TASK PROMPT:
Using the records that follow, reproduce exactly the lines starting at the line containing "Обои Penelope Cruz" and ending at the line containing "A streetlight shining". Include both end lines and no pictures.

PROVIDED ENTRIES:
------
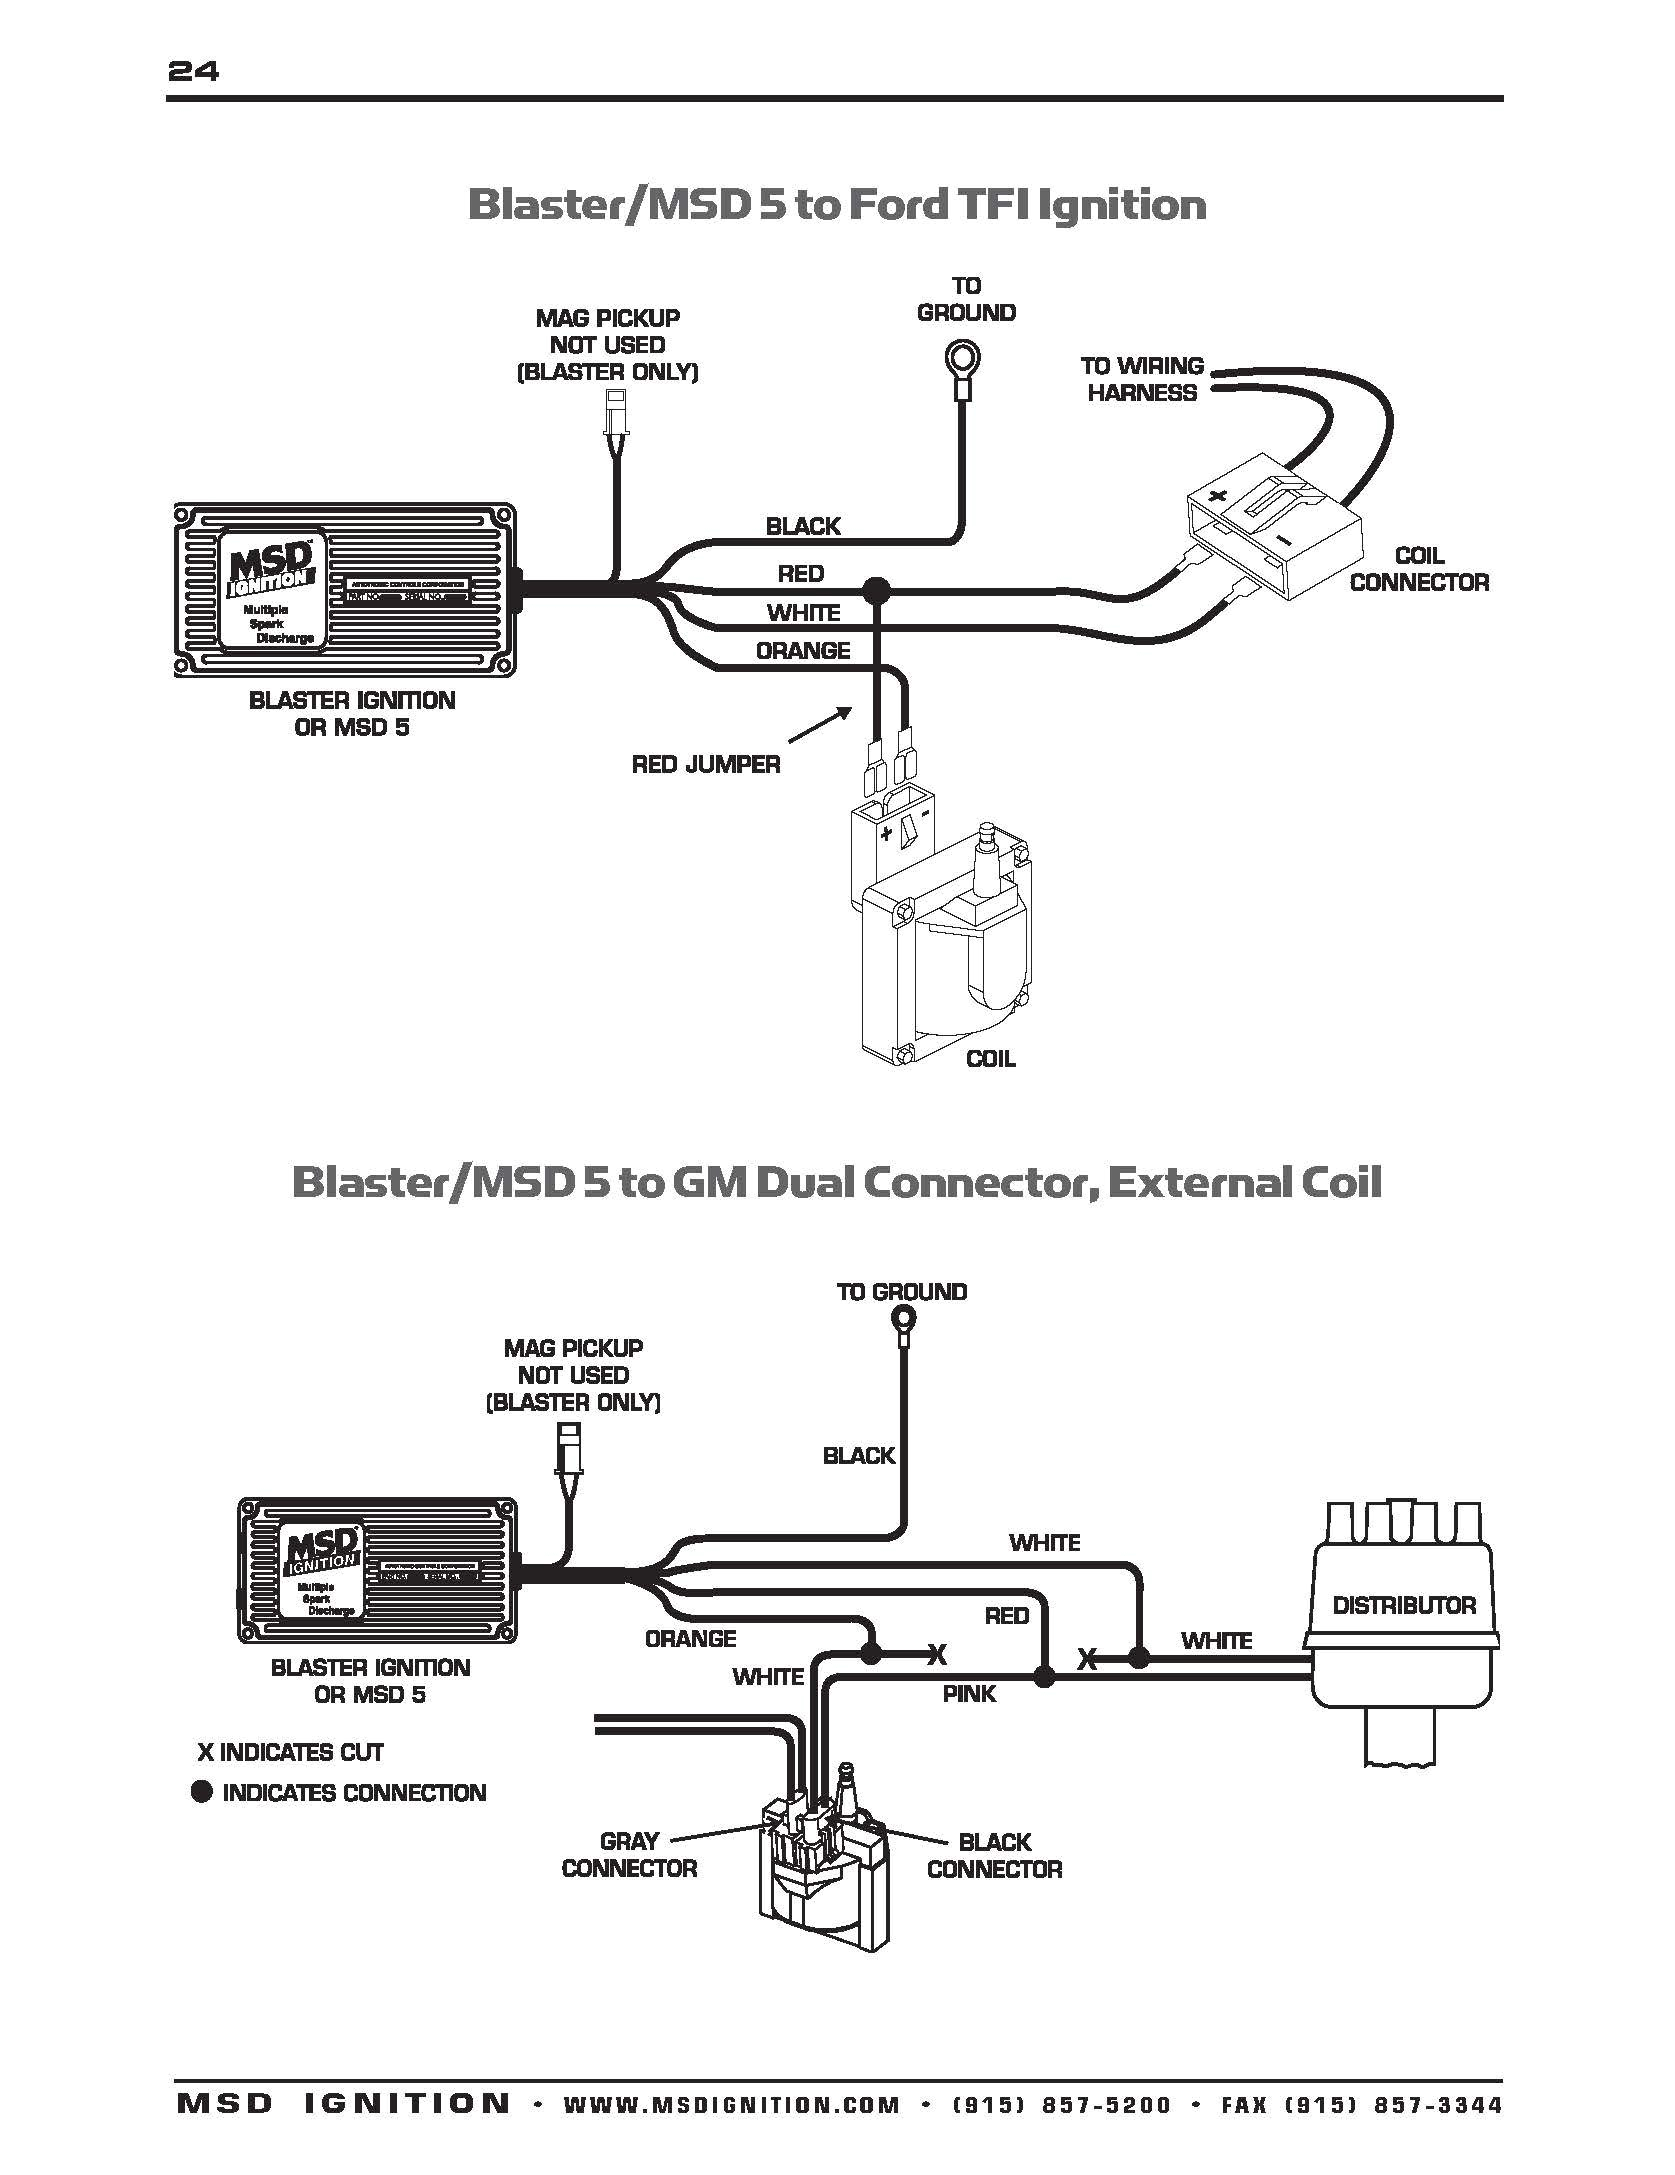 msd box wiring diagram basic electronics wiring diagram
------
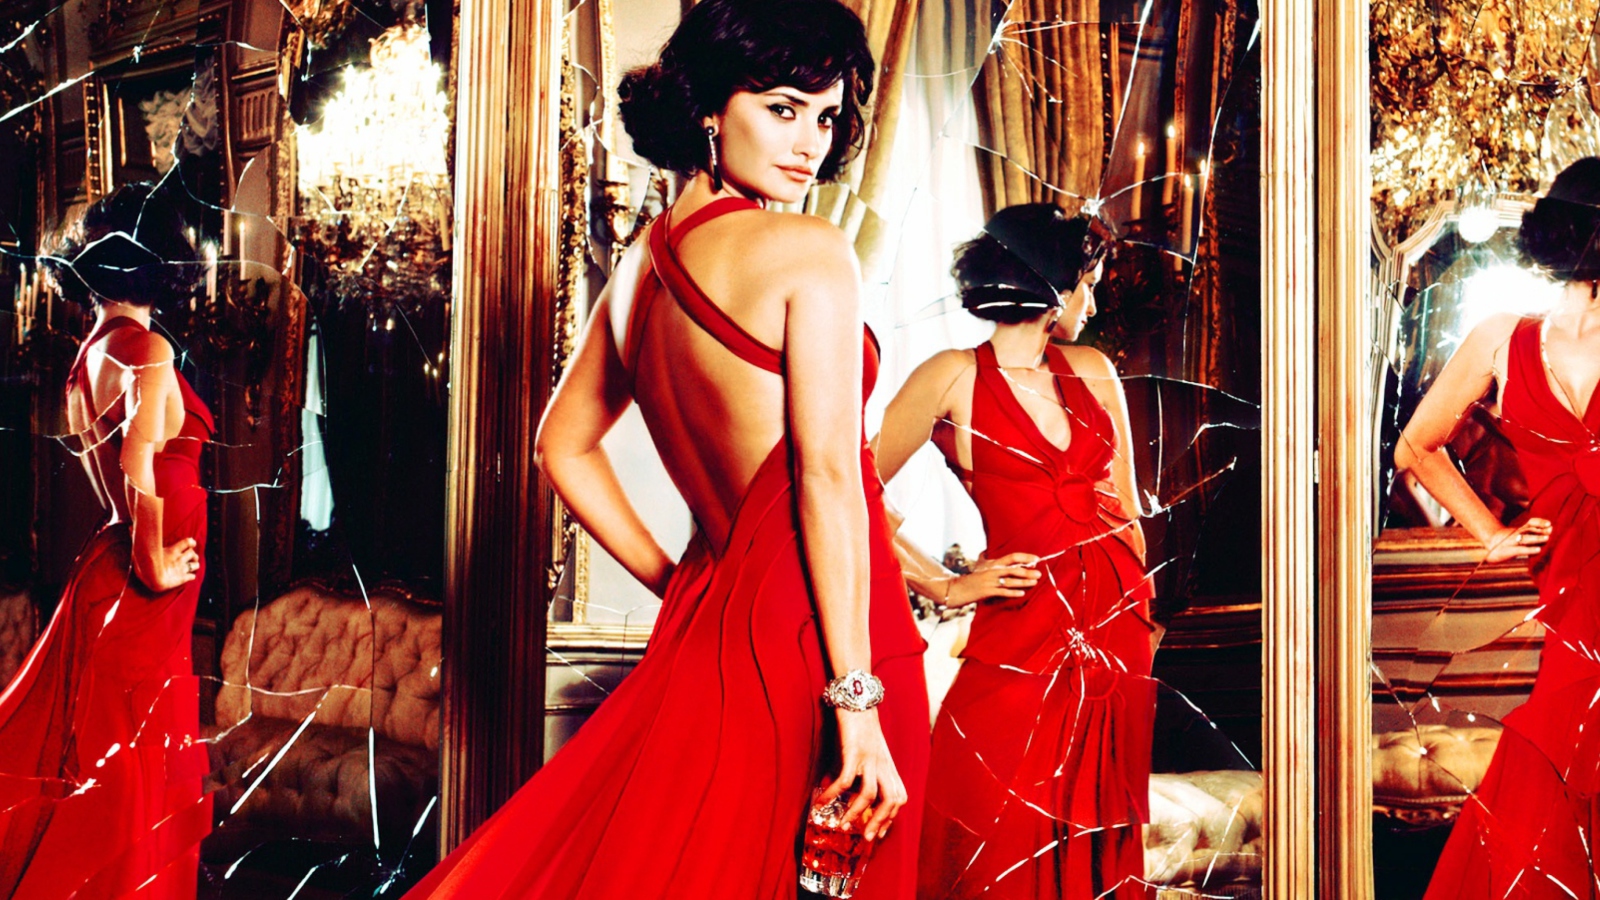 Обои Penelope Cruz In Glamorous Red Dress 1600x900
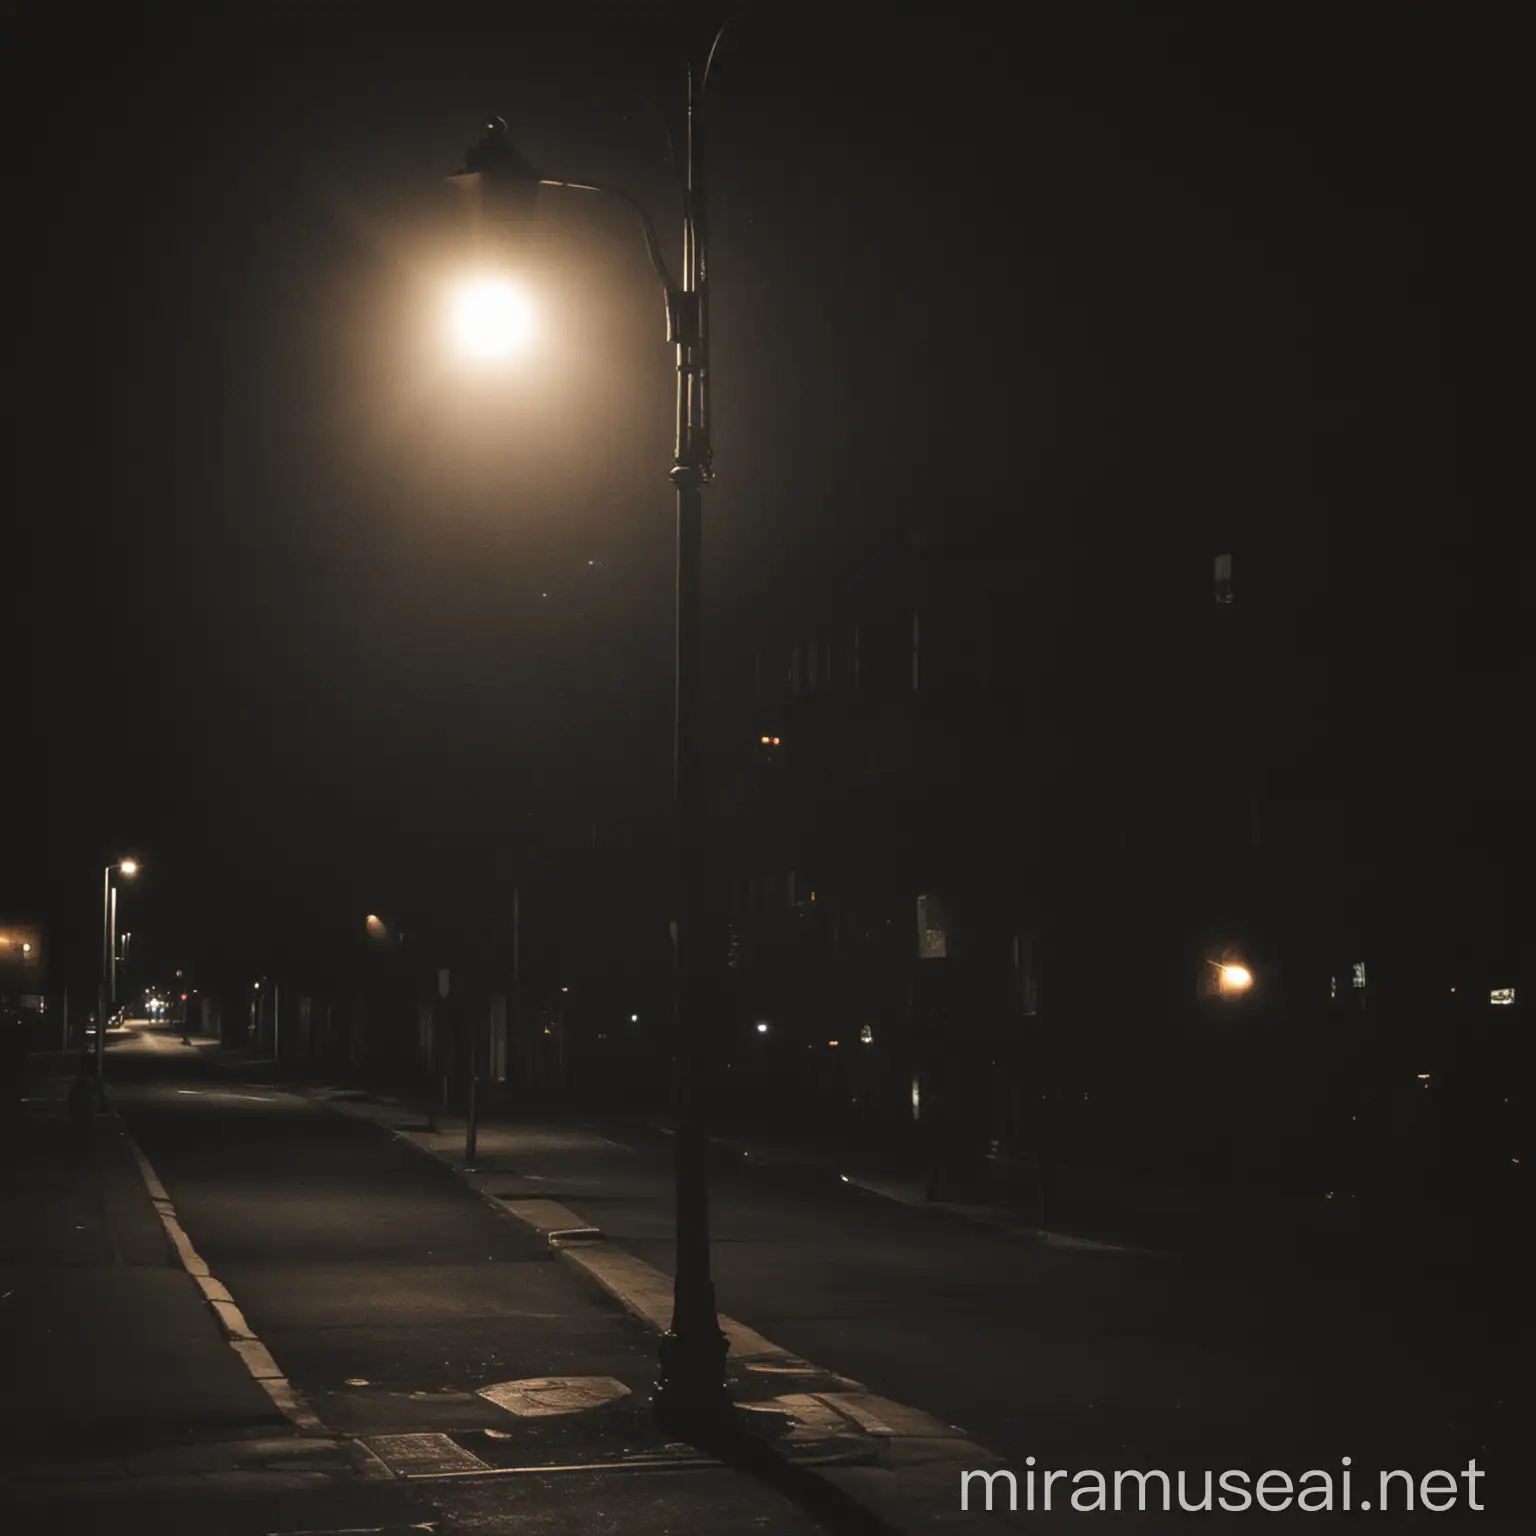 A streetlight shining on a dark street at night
------
COMPLETED EXERCISE:
 Обои Penelope Cruz In Glamorous Red Dress 1600x900
 A streetlight shining on a dark street at night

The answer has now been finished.